The Denver-based company, fresh off the closing of its acquisition of Great Western Petroleum LLC to expand its sizable Wattenberg position in Colorado, is deploying new well designs and completion practices in the Permian as it spends a budgeted $175 million drilling 16 wells and completing 20 this year, says David Lillo, senior vice president of operations.

In the Delaware Basin, PDC continues to be encouraged with its 2022 turn-in-line program as results from relaxed spacing outperform expectations, Lillo said during the company’s first-quarter earnings call in early May.

For instance, on the Old Monarch pad in Reeves County, the company turned in line three U-laterals and three standard-reach laterals (SRLs). With approximately three months of production history, the U-laterals are trending at or above a 1.5 million boe estimated ultimate recovery while the SRLs are trending to a 700,000 boe EUR, according to 2022 guidance released in late May.

The wells were drilled on eight-ten well per-section equivalent spacing in the Wolfcamp A and B, where a U-lateral utilizes two lateral spaces. The company expects to add additional U-shaped lateral locations to its inventory where appropriate, Lillo says. The company also was testing a 2nd Bone Spring well, which was in the initial phase of flowback in early May.

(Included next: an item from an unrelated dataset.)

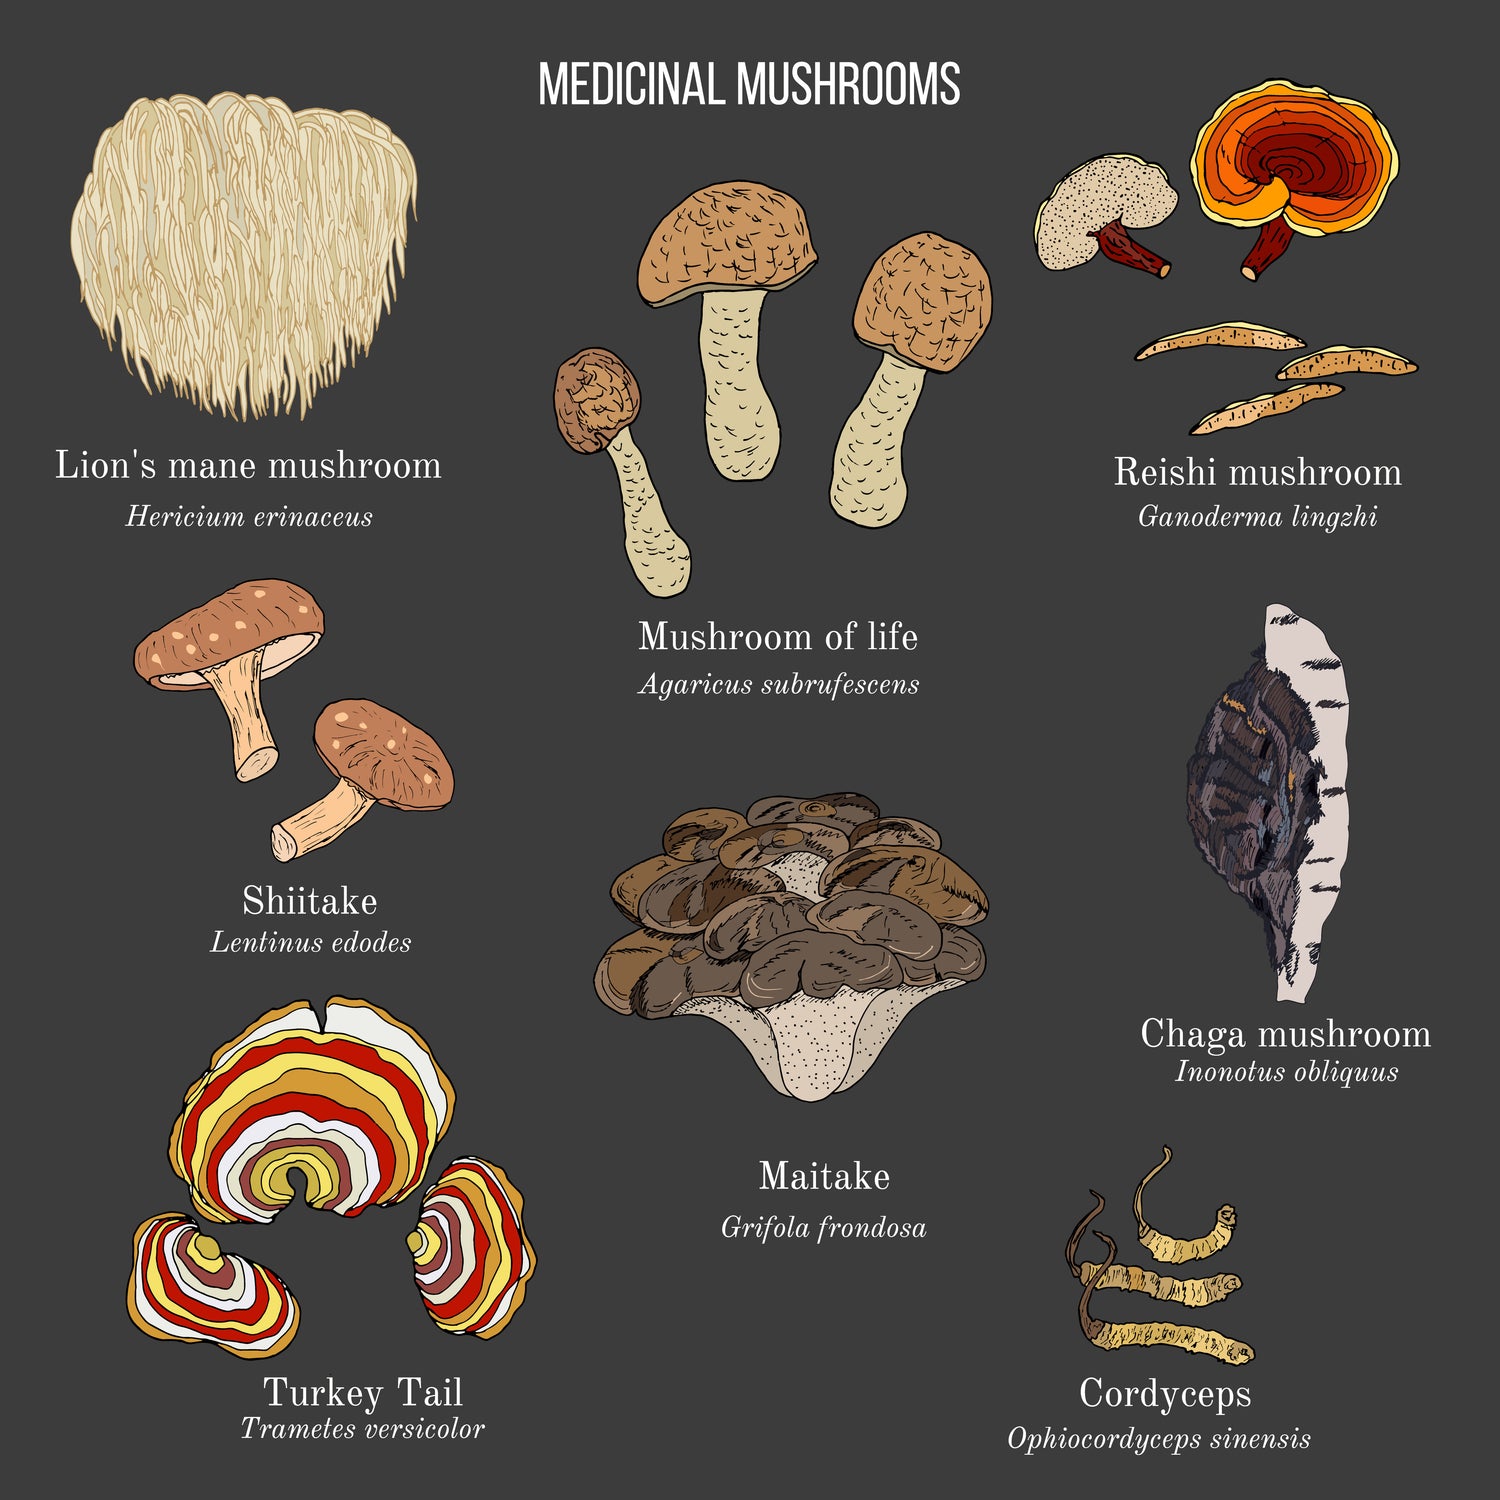 Why we use Medicinal Mushrooms

“We are proud of the team’s use of technology to drill these types of wells,” Lillo remarks. “So far, the initial results are right on expectations, and we continue to look for other ways on our acreage to apply this technology to organically expand our inventory.”

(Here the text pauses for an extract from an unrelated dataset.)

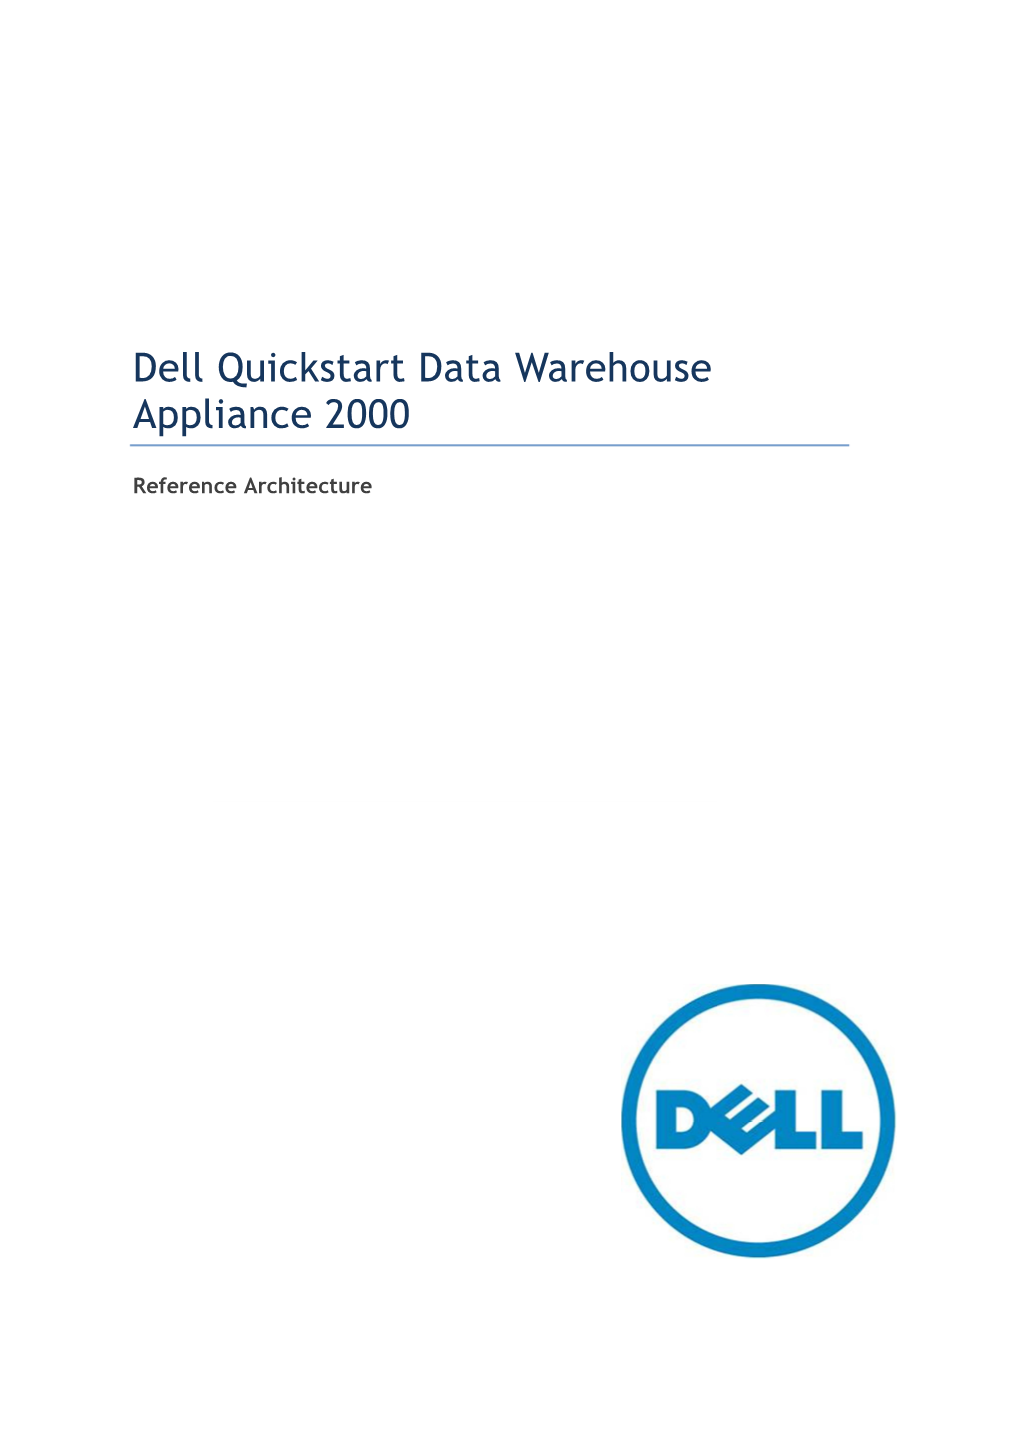 Dell Quickstart Data Warehouse Appliance 2000

PDC continues to consider potential acreage trades and small bolt-on acquisitions to consolidate and build on its position, he says.

The company produced a steady 28,000 boe/d in the Delaware in the first quarter, but expects a ramp up in output as new wells are turned on line, Lillos says. Throughout the company’s development work, its Delaware team continues to produce at the high end of expectations with improvement also stemming from workover and an electric submersible pump installation program, he details.

“That, and higher-than-expected chemical prices drove LOE to a higher-than-expected level, but the revenue at the increased production at these prices is very economic,” Lillo comments.

In the Delaware Basin and elsewhere, the company continues to improve environmental, social and governance performance. The company plans to reduce GHG and methane emissions by 60% and 50%, respectively, by 2025, from 2020 baseline levels and on a per unit of production basis. In total, more than 25% of the company’s short-term incentive program is tied to ESG and EHS initiatives.